I have been in many 40 year old homes with trussed roofs, where that roof framing appears to be easily good for another 40 years.

I would like to have a brick home at some point. I may be able to afford one. Many people can’t, particularly when they require the space they must have at a price point. In compromise by consumers, brick loses to more space.
Good quality wood siding, as used 100 years ago also is prohibitively expensive, and would be difficult to offer to a million new construction buyers. It also takes a lot of maintenance. White wood is passe for exterior use, IMO.

I have been in old homes that were junk when they were built, and are still standing as historical junque today. I predict that the home I am in will be here in 100 years, absent flood, hurricane, tornado, fire, or other act of God.

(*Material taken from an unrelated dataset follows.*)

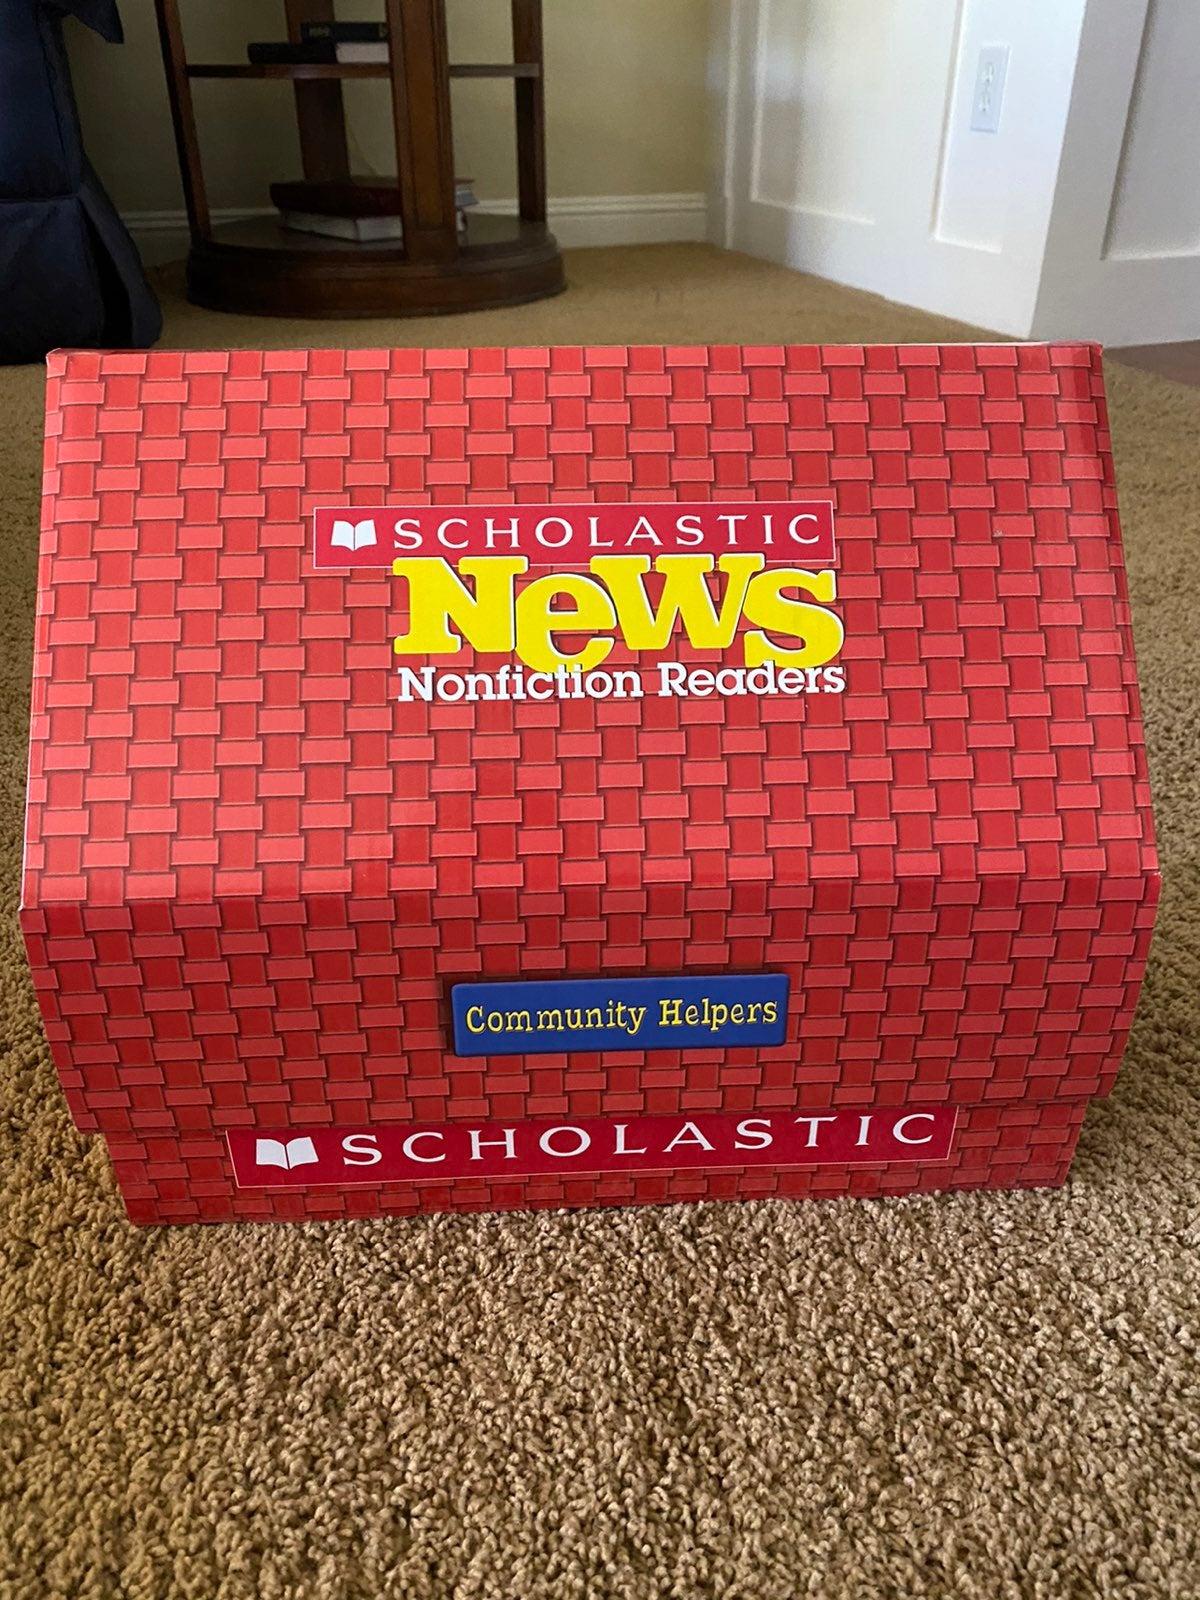 Scholastic News community helpers books

The slap stick homes of 100 years ago have tended to settle in, like Grandpa into his recliner, and often are revered as survivors. Well, that is, the ones that have been highly maintained; the slap stick homes that have not been expensively maintained have mostly crumbled into their foundations already.

It’s comparable to having Grandpa in the home, and helping him find his glasses or slippers, and overlooking his forgetfulness with love.
We tend to forgive the foibles and shortcomings of older homes, the sloped floors and crooked doorways, constricting floor plans, outdated construction methods with high rates of failure, and seriously outdated mechanical, plumbing, and electrical systems, and high maintenance costs, because of respect and love of the memories and the hearkening to another time.

That forgiveness is certainly laudable. It is just oversimplification to make an across the board attribution of a higher level of workmanship to any era of homes.

Modern engineering and modern building codes have done a couple of things.
1. Provided minimum standards that were not in place 100-125 years ago.
2. Allowed homes to be built to those minimum standards. Too much reverence for minimum standards does NOT make a fine home, to be sure. Exceeding the minimums with most bang for the buck structurally may be a wise investment.

As consumers, we have helped cut our own throats on quality by worshipping maximum square footage per dollar invested in a home and surface appearance without substance beneath it.
Most people will not pay the price for quality they cannot see every day. “Gotta have granite and stainless steel. Don’t bother me about 2×10 floor joists on a 16 foot span.”
But, the minimum codes probably ensure the long term survival of structures that receive at least the maintenance which was given to the typical 100 year old home.